On 28-02-18 15:08, Maxim Dounin wrote:
>> What do you mean by a reliable server?
>> I want to make sure when the HTTP operation returns, the file is on the
>> disk, not just in a buffer waiting for an indefinite amount of time to
>> be flushed.
>> This is what fsync is for.
>
> The question here is - why you want the file to be on disk, and
> not just in a buffer? Because you expect the server to die in a
> few seconds without flushing the file to disk? How probable it
> is, compared to the probability of the disk to die? A more
> reliable server can make this probability negligible, hence the
> suggestion.
I think the point here is that lack of fsync leaves some questions
unanswered. Adding fsync will simply put all dots above the "i"s.
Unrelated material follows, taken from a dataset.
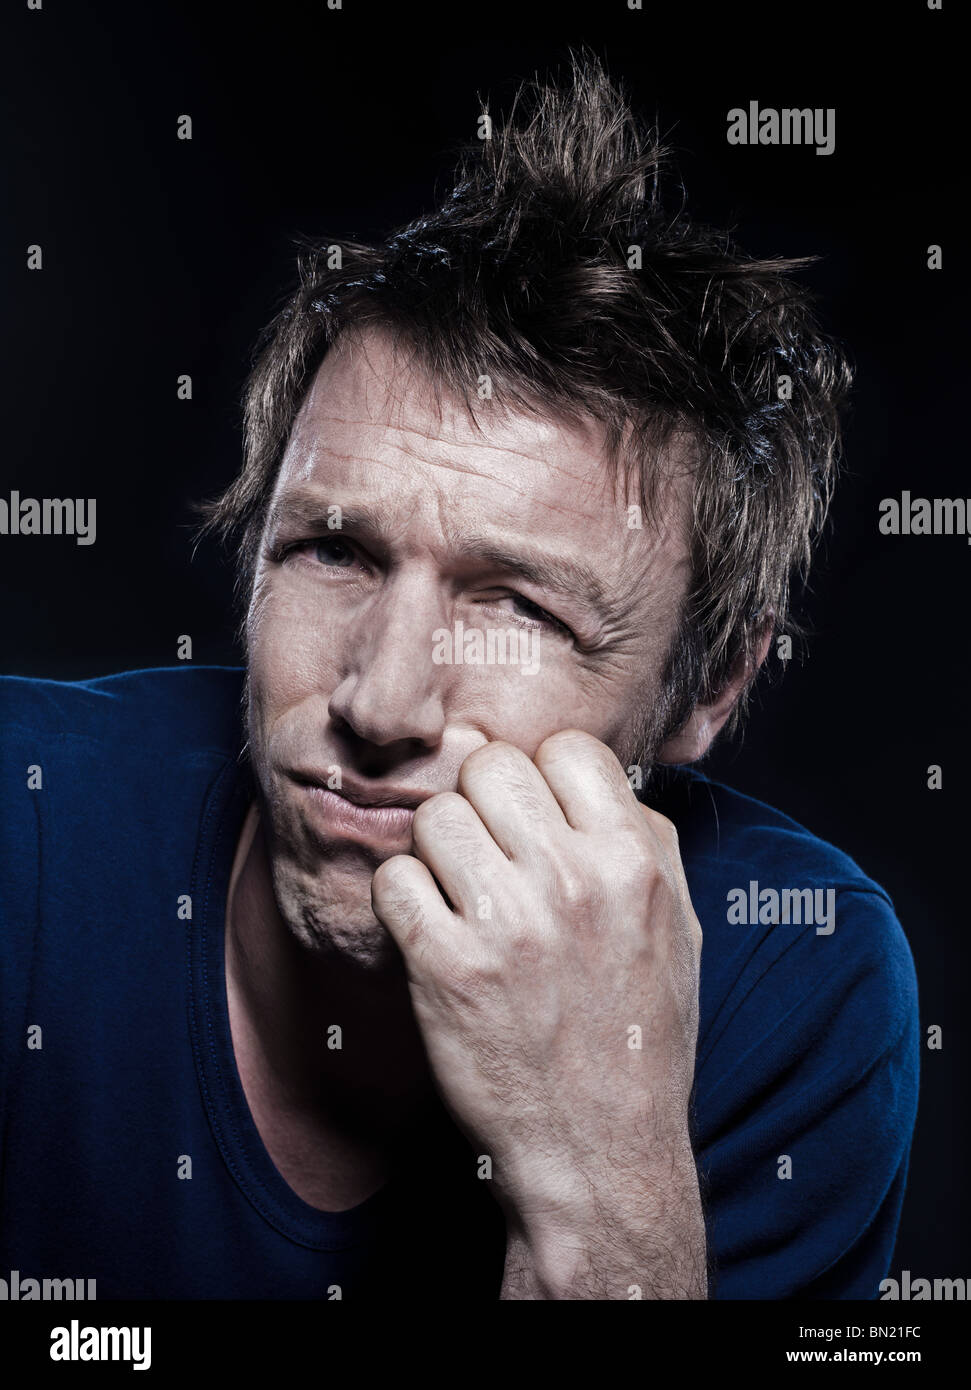 studio portrait on black background of a funny expressive caucasian man puckering sad sullen Stock Photo
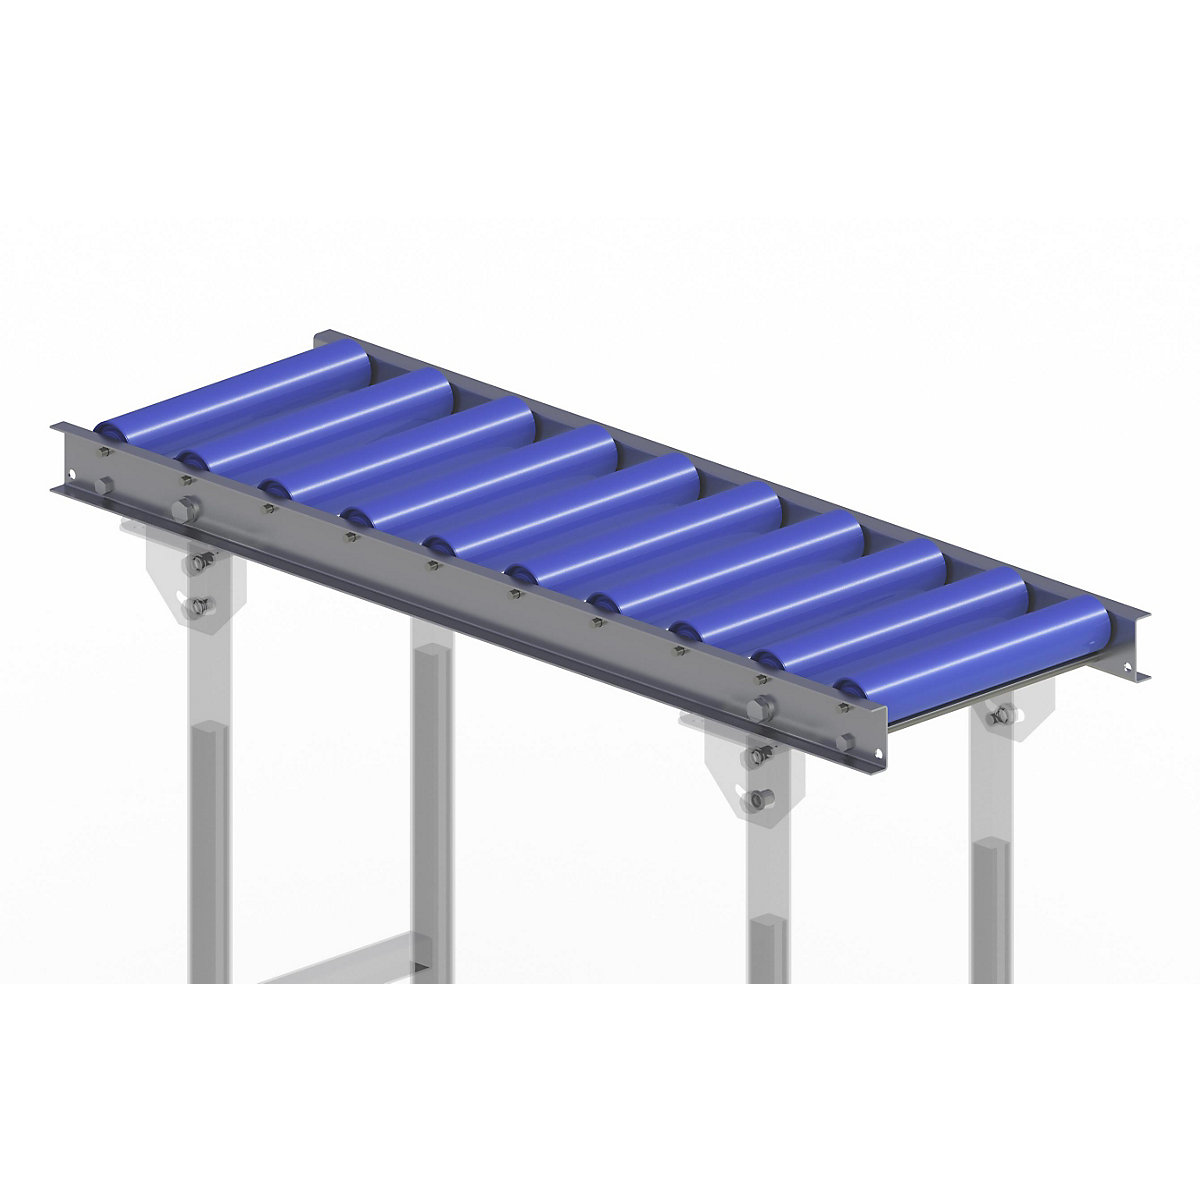 Gura – Light duty roller conveyor, steel frame with plastic rollers

> (Also, another question is what "on the disk" meas from physical
> point of view. In many cases this in fact means "somewhere in the
> disk buffers", and a power outage can easily result in the file
> being not accessible even after fsync().)
>
>> Why doing this in a thread is not a good idea? It would'nt block nginx
>> that way.
>
> Because even in threads, fsync() is likely to cause performance
> degradation. It might be a better idea to let the OS manage
> buffers instead.
fsync does not cause performance degradation. fsync simply instructs OS
to ensure consistency of a file. What causes performance degradation is
expenditure of resources necessary to ensure consistency.